:: Aim of the task ::
Repeat everything in the listing exactly, except for the images.

:: Available data ::

*** Block opens ***

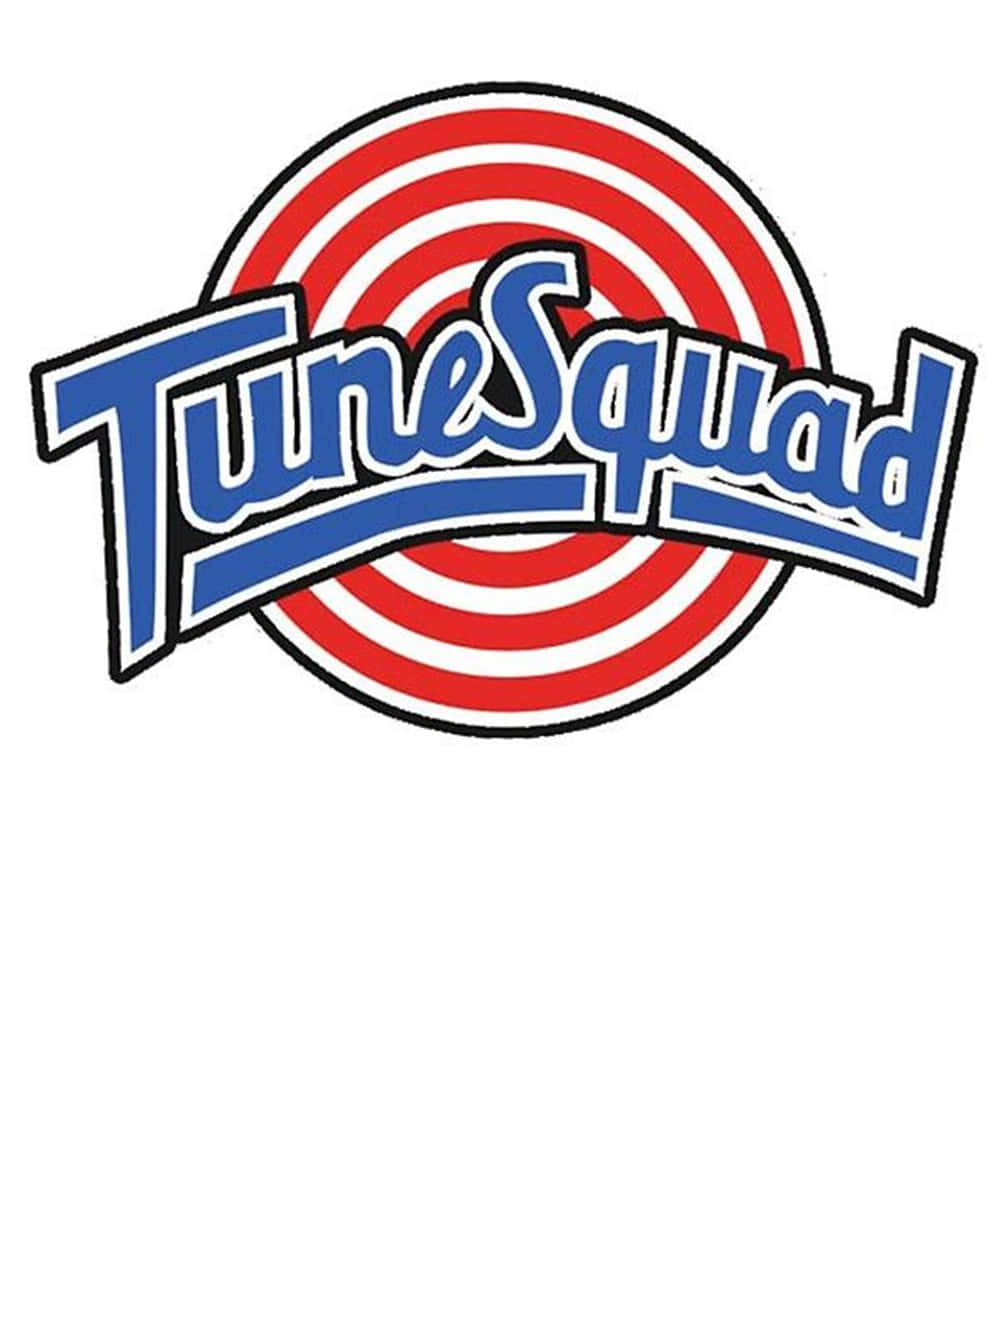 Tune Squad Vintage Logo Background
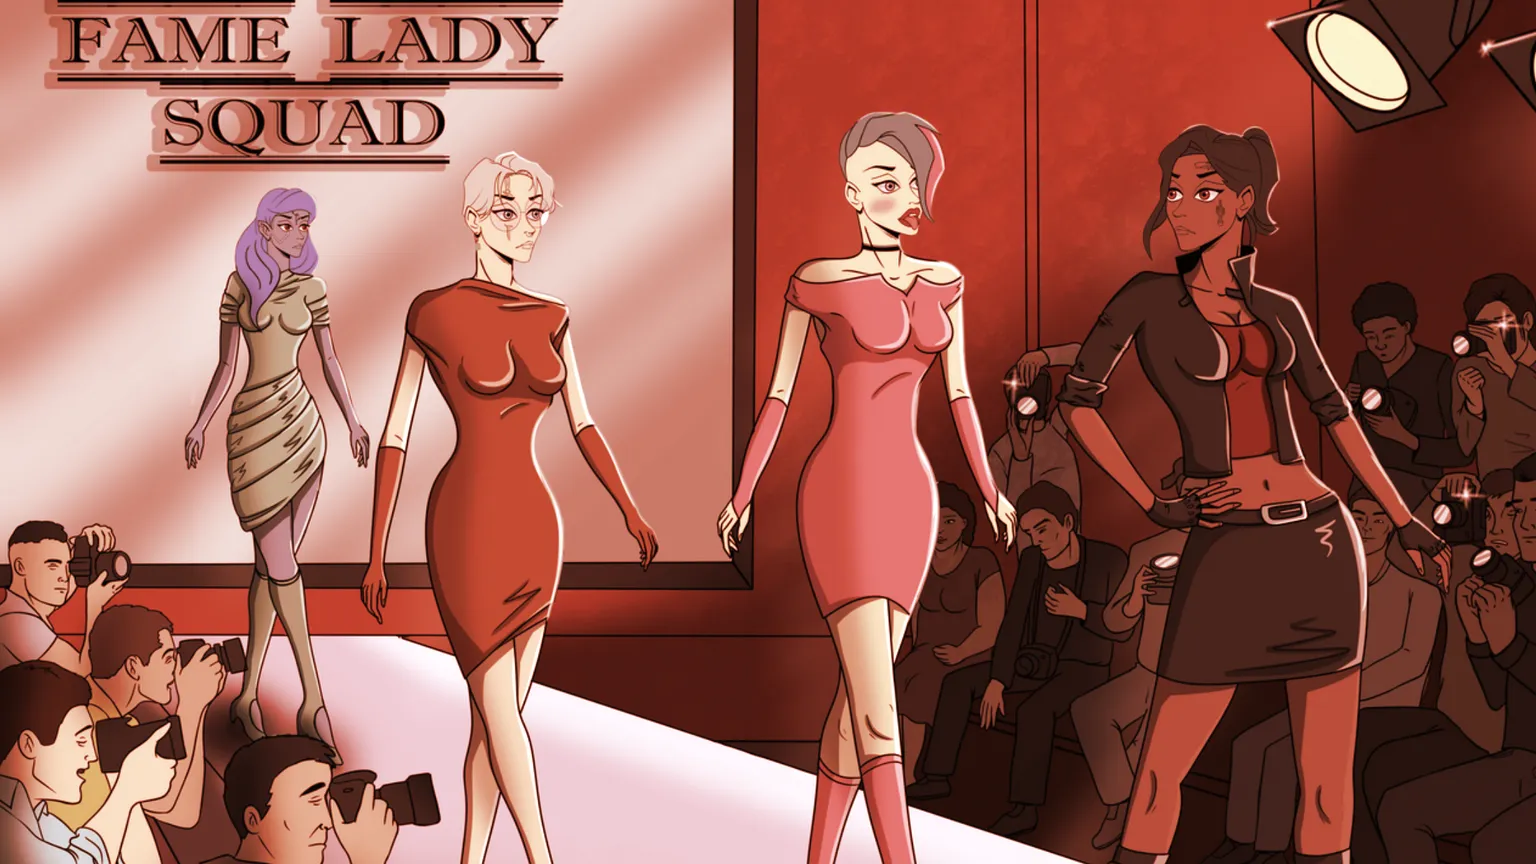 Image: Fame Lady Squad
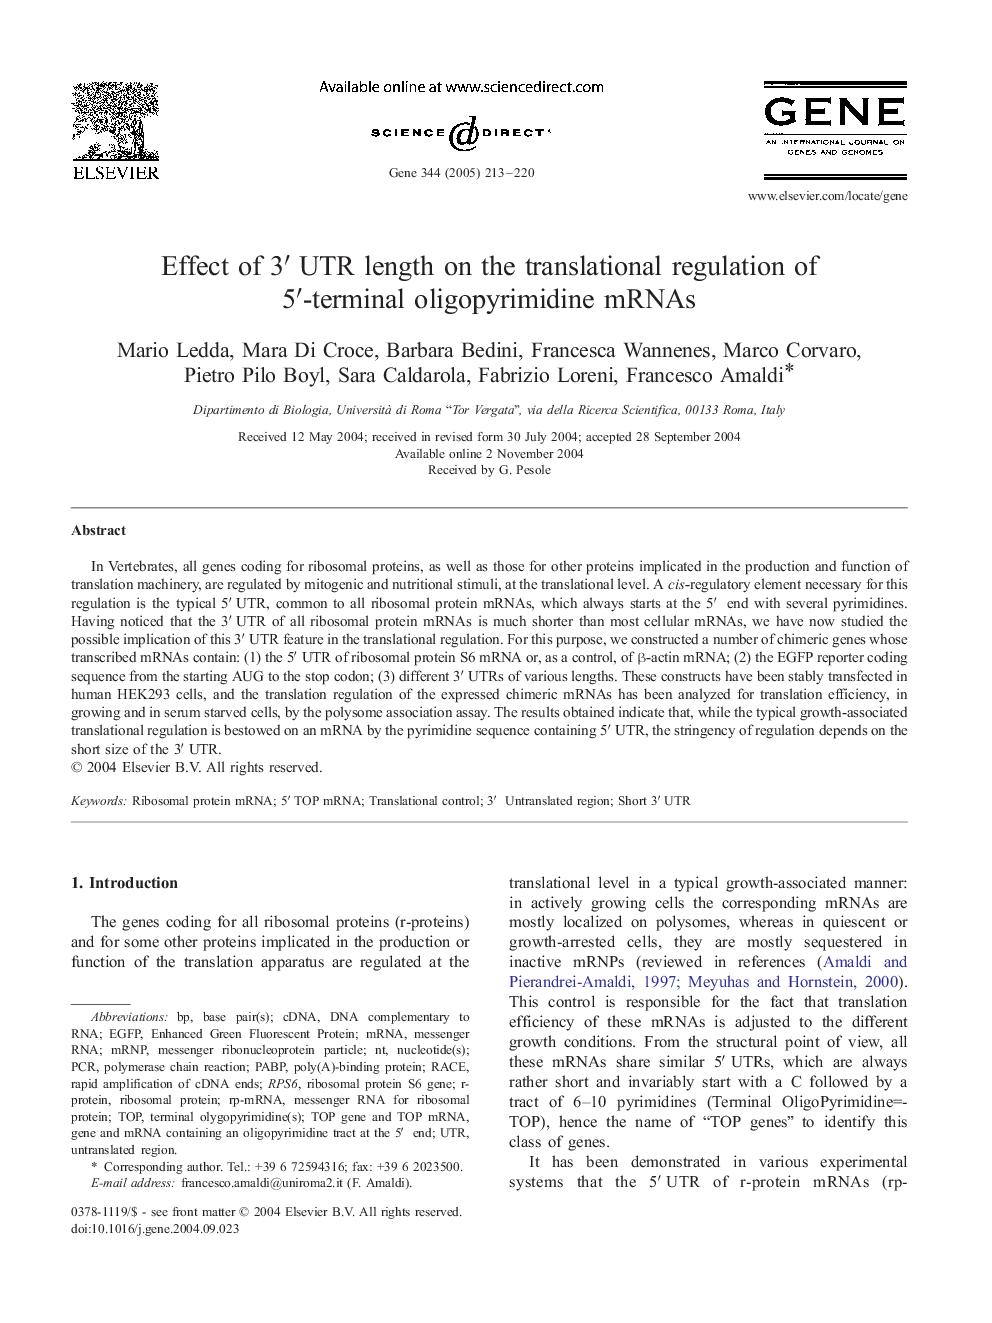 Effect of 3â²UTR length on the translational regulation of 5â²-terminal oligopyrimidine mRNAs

*** Block closes ***

:: Your solution ::
 Tune Squad Vintage Logo Background
 Image: Fame Lady Squad
 Effect of 3â²UTR length on the translational regulation of 5â²-terminal oligopyrimidine mRNAs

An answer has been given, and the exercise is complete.